Thanks!  Your comment #32 video shows:

    pci 0000:02:04.0: pci_set_power_state: state 0
    pci 0000:02:04.0: __pci_start_power_transition: state 0
    pci 0000:02:04.0: pci_platform_power_transition: state 0
    pci 0000:02:04.0: acpi_pci_set_power_state: state 0
    acpi device:05: __acpi_bus_set_power: state 0 current state 3

I think we must be stuck evaluating _PS0 for device:05.  Can you try this patch
to confirm?  I put an image here: http://helgaas.com/linux/suse748616/bzImage2

It looks like _PS0 does run a method (CAIN) with a loop that could conceivably
not terminate, but my ASL-fu is pretty weak.  Rafael is going to have to jump
in here.

I wouldn't worry (yet) about the errors you get when recompiling your DSDT. 
Linux used to work with that DSDT, and presumably Windows does, so we should be
able to get Linux to work again.

Here's the code (with the debug patch):

    dev_info(&device->dev, "%s: evaluating %s\n", __func__, object_name);
    status = acpi_evaluate_object(device->handle, object_name, NULL, NULL);
    dev_info(&device->dev, "%s: %s status %d\n", __func__, object_name,
status);

It looks like writing 1 to PMS0 actually clears it, so this probably is a
status flag of some sort.  If clearing it doesn't work, it probably means a
signal is continuously asserted.

Or, if it is mappend incorrectly, CAIN() may be writing into a RAM location
instead of the register and in that case the loop will be infinite.
Comment 2 Elmar Stellnberger 2012-05-12 09:46:19 UTC
Created attachment 73258 [details]
DSDT.dat (SilverSeraph)
Comment 3 Elmar Stellnberger 2012-08-27 11:29:22 UTC
Created attachment 78541 [details]
screenshot of hang (initcall_debug, ignore_loglevel)
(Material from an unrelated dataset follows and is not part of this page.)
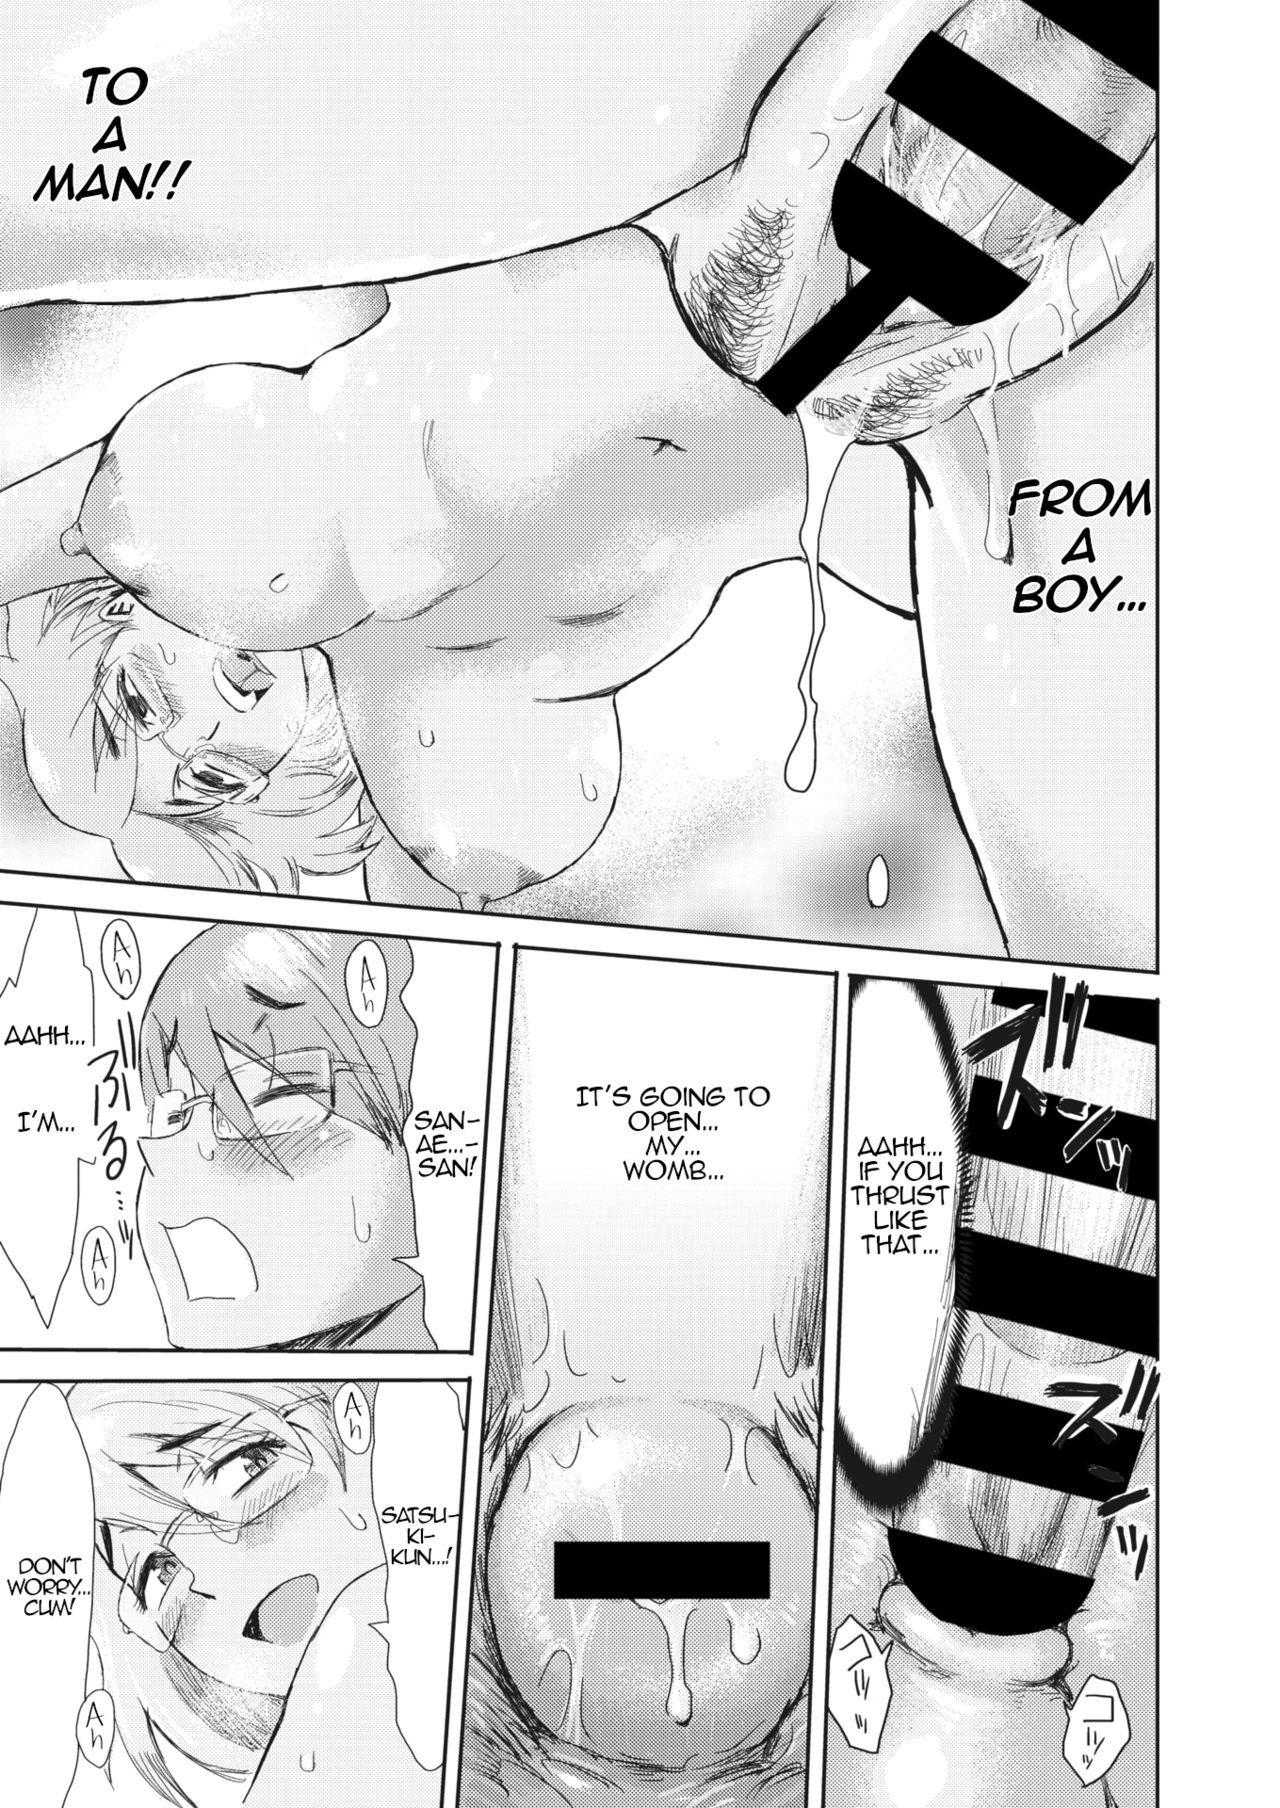 [Kuroiwa Menou] Hitozuma to Shounen Hirusagari no Yuuwaku | Married Woman and Young Boy, Afternoon Temptation (COMIC HOTMiLK Koime Vol. 22) [English] [Digital] 20
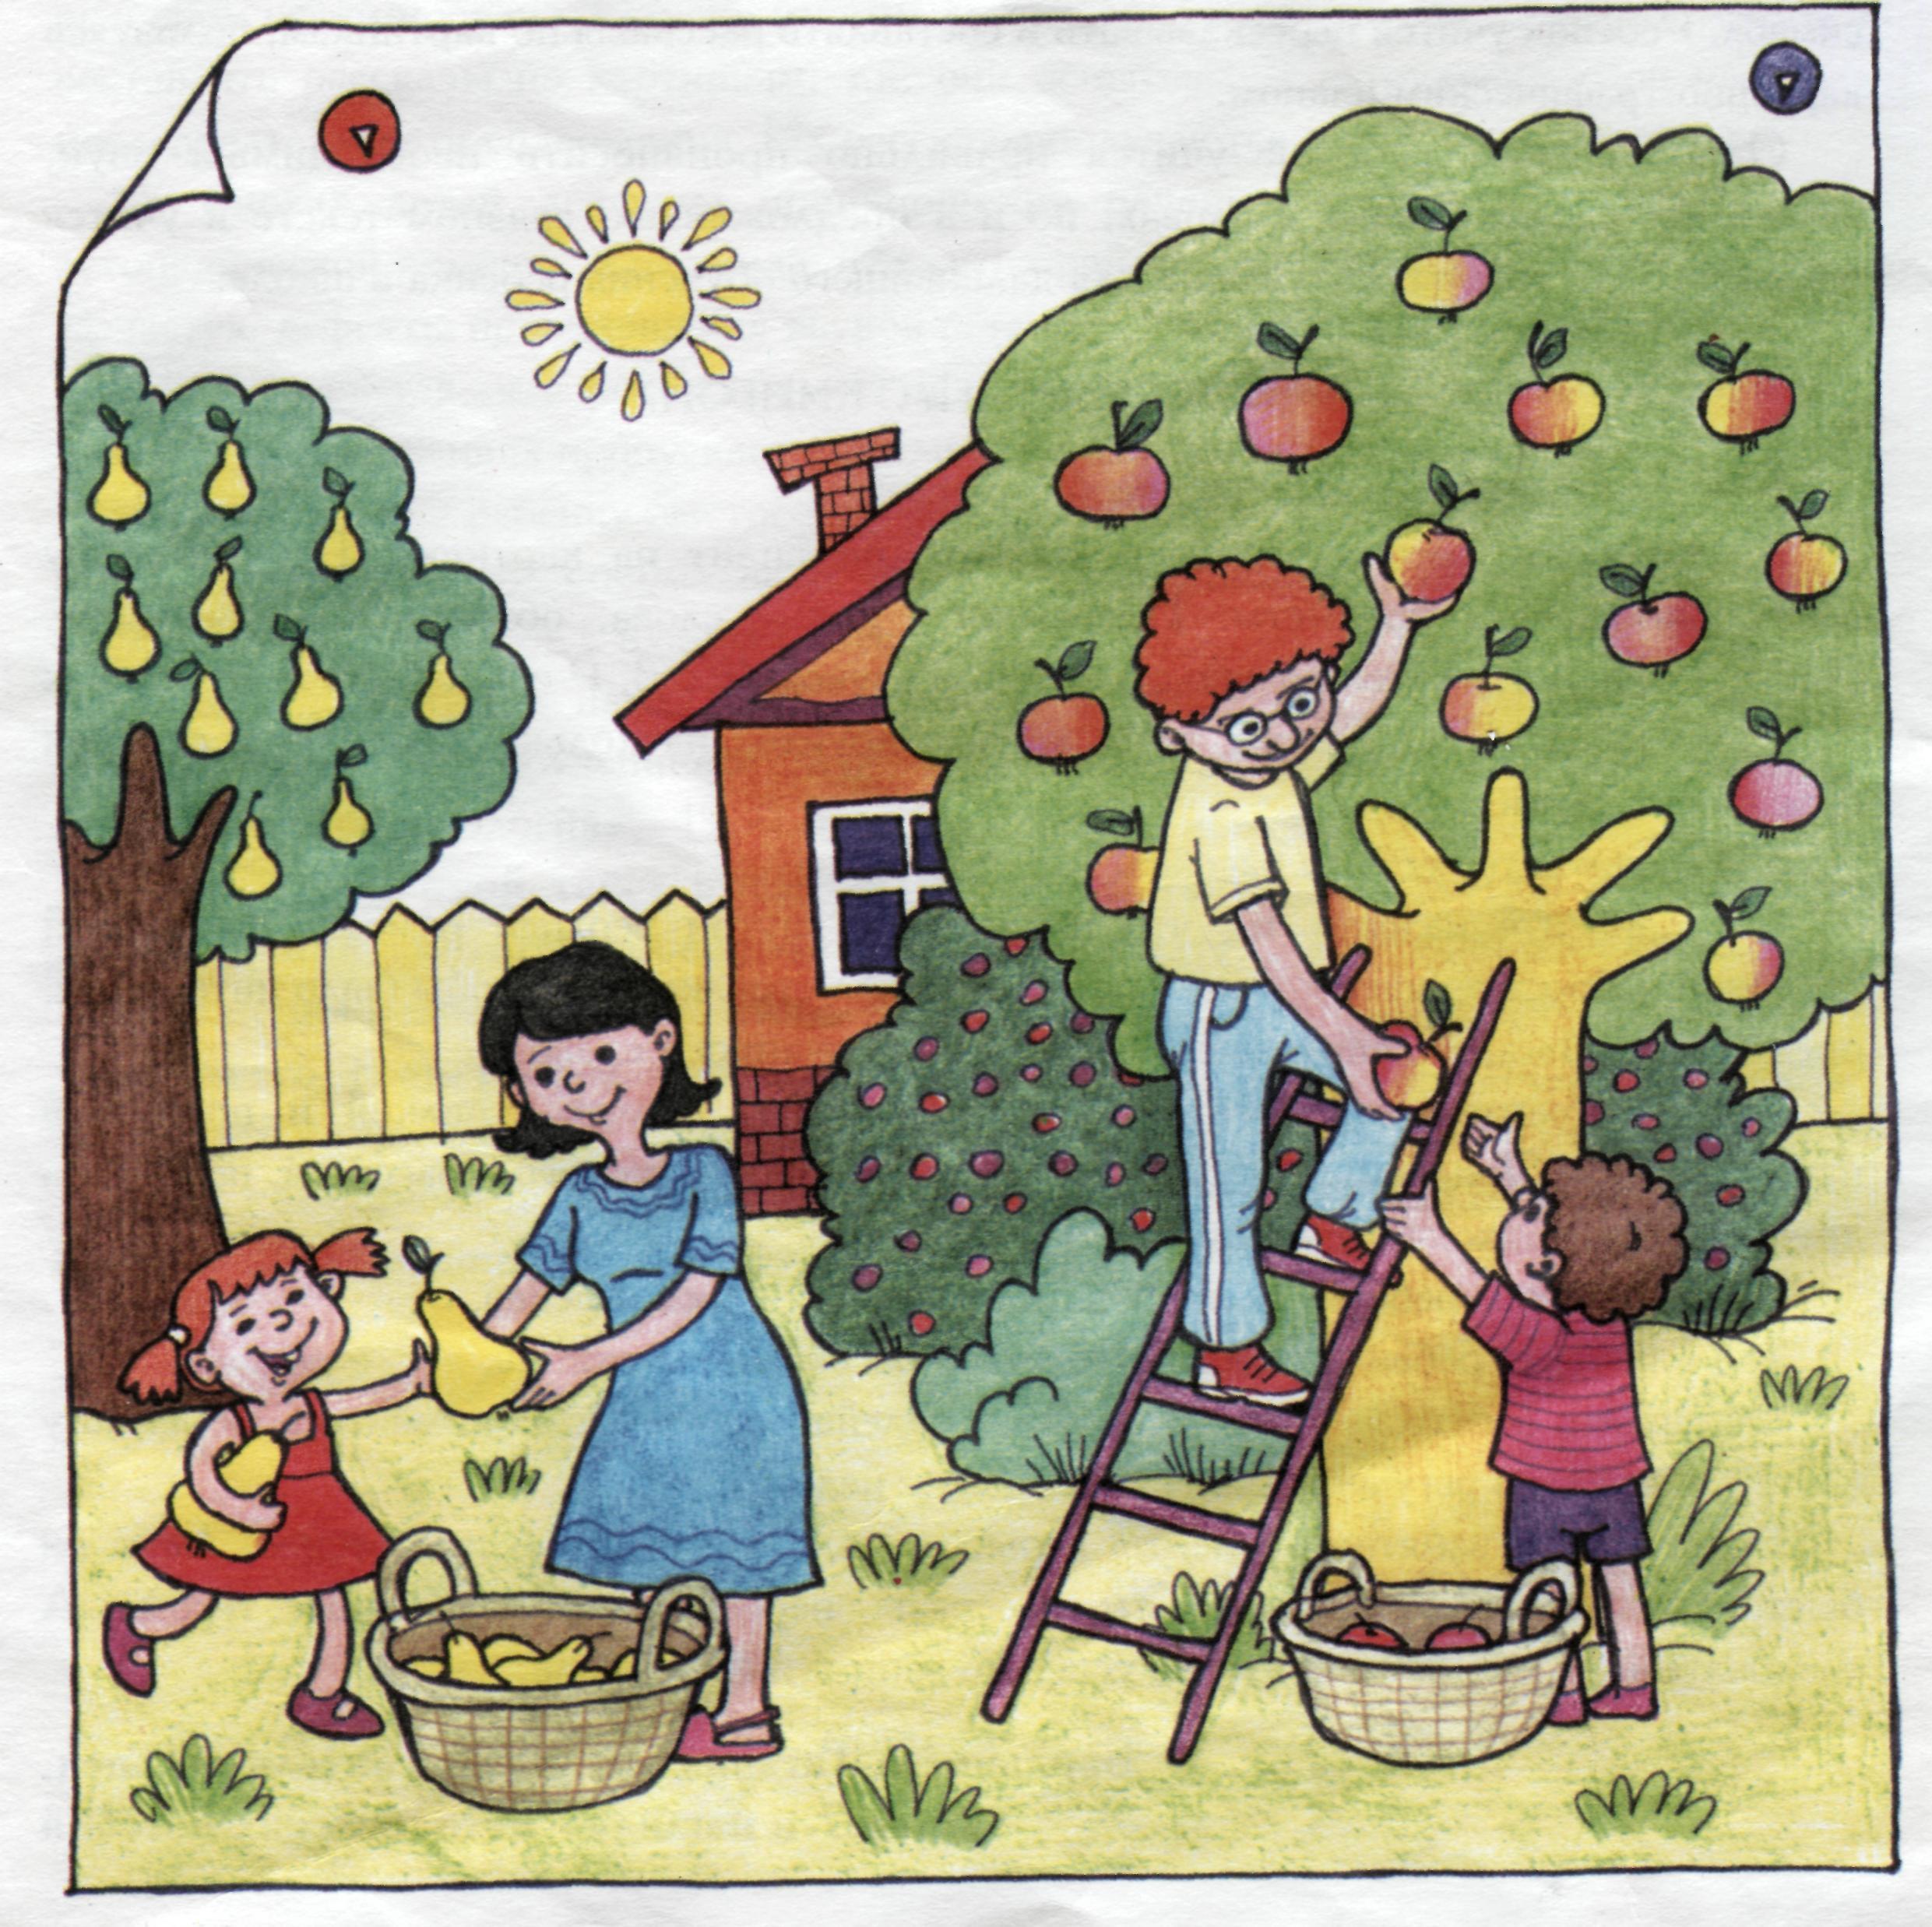 Картинка гербова домик малыша

Now that with kernel 3.4.6-1.1-desktop looks much better. No more direct hang on windowing the CardBus-bridge but still yet 'setting the latency timer to 64' one line after initializing the PCI-bridge.
Comment 4 Alan 2012-08-28 11:19:02 UTC
The setting latency timer to 64 is expected  - its just informational stuff.
Comment 5 Elmar Stellnberger 2012-08-28 18:39:13 UTC
Hmm, but it keeps hanging in the next empty line.
Comment 6 Elmar Stellnberger 2012-09-06 15:33:56 UTC
confirmed for 3.4.6-2.10.1 (exactly the same).
Comment 7 Elmar Stellnberger 2012-09-06 21:51:46 UTC
vanilla-3.6.rc4-1.1.i686 works without any hangs. I think Rafael has fixed the problem.
Comment 8 Elmar Stellnberger 2015-03-19 16:08:42 UTC
Created attachment 171191 [details]
regression with 3.2.0-4-486

Ooops; there is a regression with 3.2.0-4-486 #1 Debian 3.2.65-1 i686 GNU/Linux.
last known good: 3.17.1-4-desktop #1 SMP, vanilla
Comment 9 Elmar Stellnberger 2015-03-19 16:10:56 UTC
Note: The regression may be related with fixing bug 63171, comment 54.
Comment 10 Bjorn Helgaas 2015-03-19 17:40:42 UTC
Elmar, I'm going to reassign this to ACPI and add Rafael to the CC: list, based on the guesses in comment #1.

But I'm confused about what kernels are involved here.  If 3.2.0 fails and 3.17.1 works, that sounds like a good thing, not a bug to be reported.

So there must be more going on.  Can you give more details about exactly what these kernels are?  Are they Debian kernels?  Can you reproduce the working and failing results with upstream kernels?
Comment 11 Elmar Stellnberger 2015-03-19 21:58:25 UTC
In deed already resolved: worked with Linux archiso 3.18.6-1-ARCH #1 SMP PREEMPT Sat Feb 7 08:59:29 CET 2015 i686 as well. By theory some additional patch by Debian could also have caused the malaise. Nonetheless the s2ram - bug 63171 still reports a memory corruption; - see for my latest posting there.